E.g. I asked "What is the interest rate on mortgages?" and it gave me basically what I asked for, with an example of total cost over 25 years. Then I asked "How much would that be every month?" and it gave me a link to applying for "avdragsfrihet", but with a text recommending against doing so. Apparently dividing by 300 is beyond its faculties.

Or I asked "How do I invest in index funds?" and it replied "I don't understand, try calling us".

Basically, I couldn't get an answer to any of my questions that I hadn't gotten if I'd just googled the exact same phrase. And it doesn't appear to understand follow-up questions at all.

I'm curious, do you have a question I can try that will give me something google won't answer given the same query?



Thank you for feedbank.

1. We are currently working on supporting queries with amounts, the first kind will be a "loan-calculator" that tell you how much you can loan for a new house or a new car.
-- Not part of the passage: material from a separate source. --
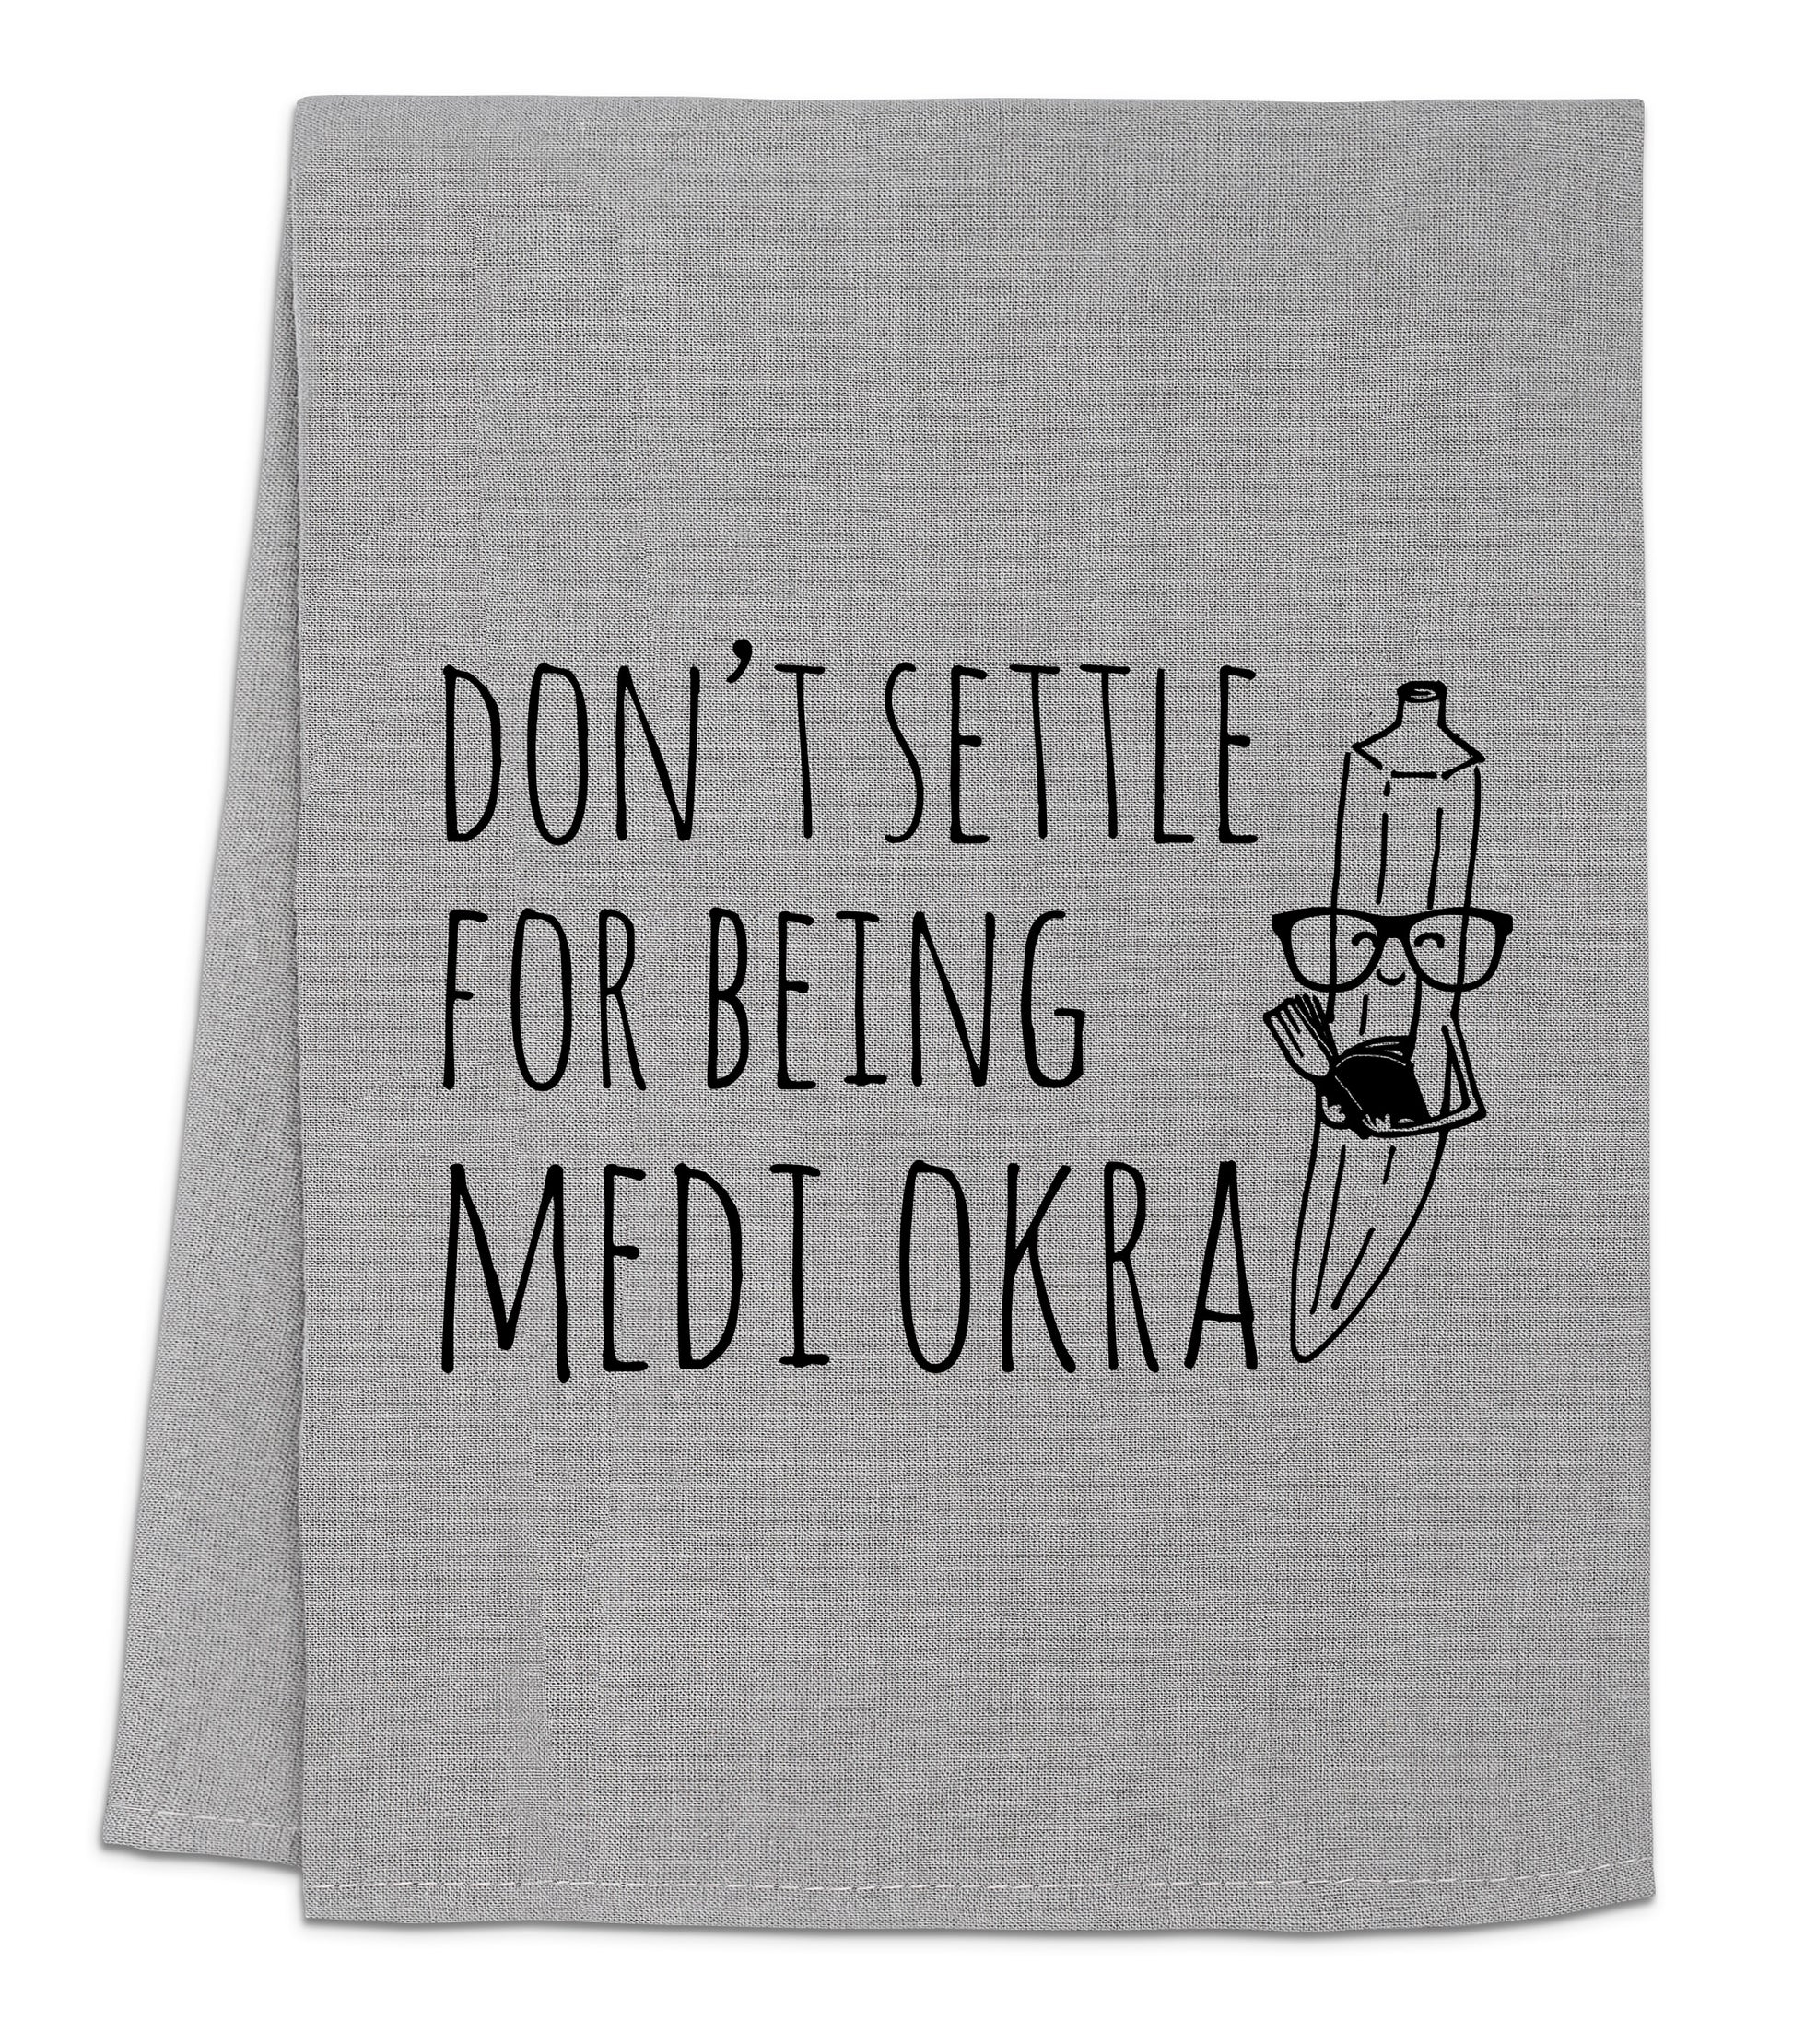 a towel that says don't seite for being medi okra

We did try syntaxnet for this earlier, but it failed big time with dialects, so we are creating our own variant.

2. We have nothing on index funds yet, our customers so far does neither have that kind of a thing, though it should at least have been a synonym for funds. This will be corrected.

This bot is a customer service kind of chat bot. It's not something to have a conversation with, but more like a bot that can understand questions and help you. The business value here is not to be better than human, but be as close as possible for the most common support queries. Trying to pass the Turing test is unrealistic... We are trying to automate support issues for the most common questions like, I have lost my credit card, I need a new card and I cannot login.

Compared to a regular search engine, ours will have a much better understanding of what your intention is. Google also tries to predict your intention when you search. However Google is not a replacement for customer support for most banks, telecoms, logistics, energy and insurance companies.


> Trying to pass the Turing test is unrealistic

I agree.

But beating an equivalent Google query should be the goal IMO. Otherwise what's the point? Unfortunately, I don't think business specific chatbots are able to; Google just gets many orders of magnitude more users (even when narrowed down to Norwegian Bank X), so their "dumber" algorithms work just as well.

So I reiterate my question: can you give me one example query where this chatbot outperforms Google search?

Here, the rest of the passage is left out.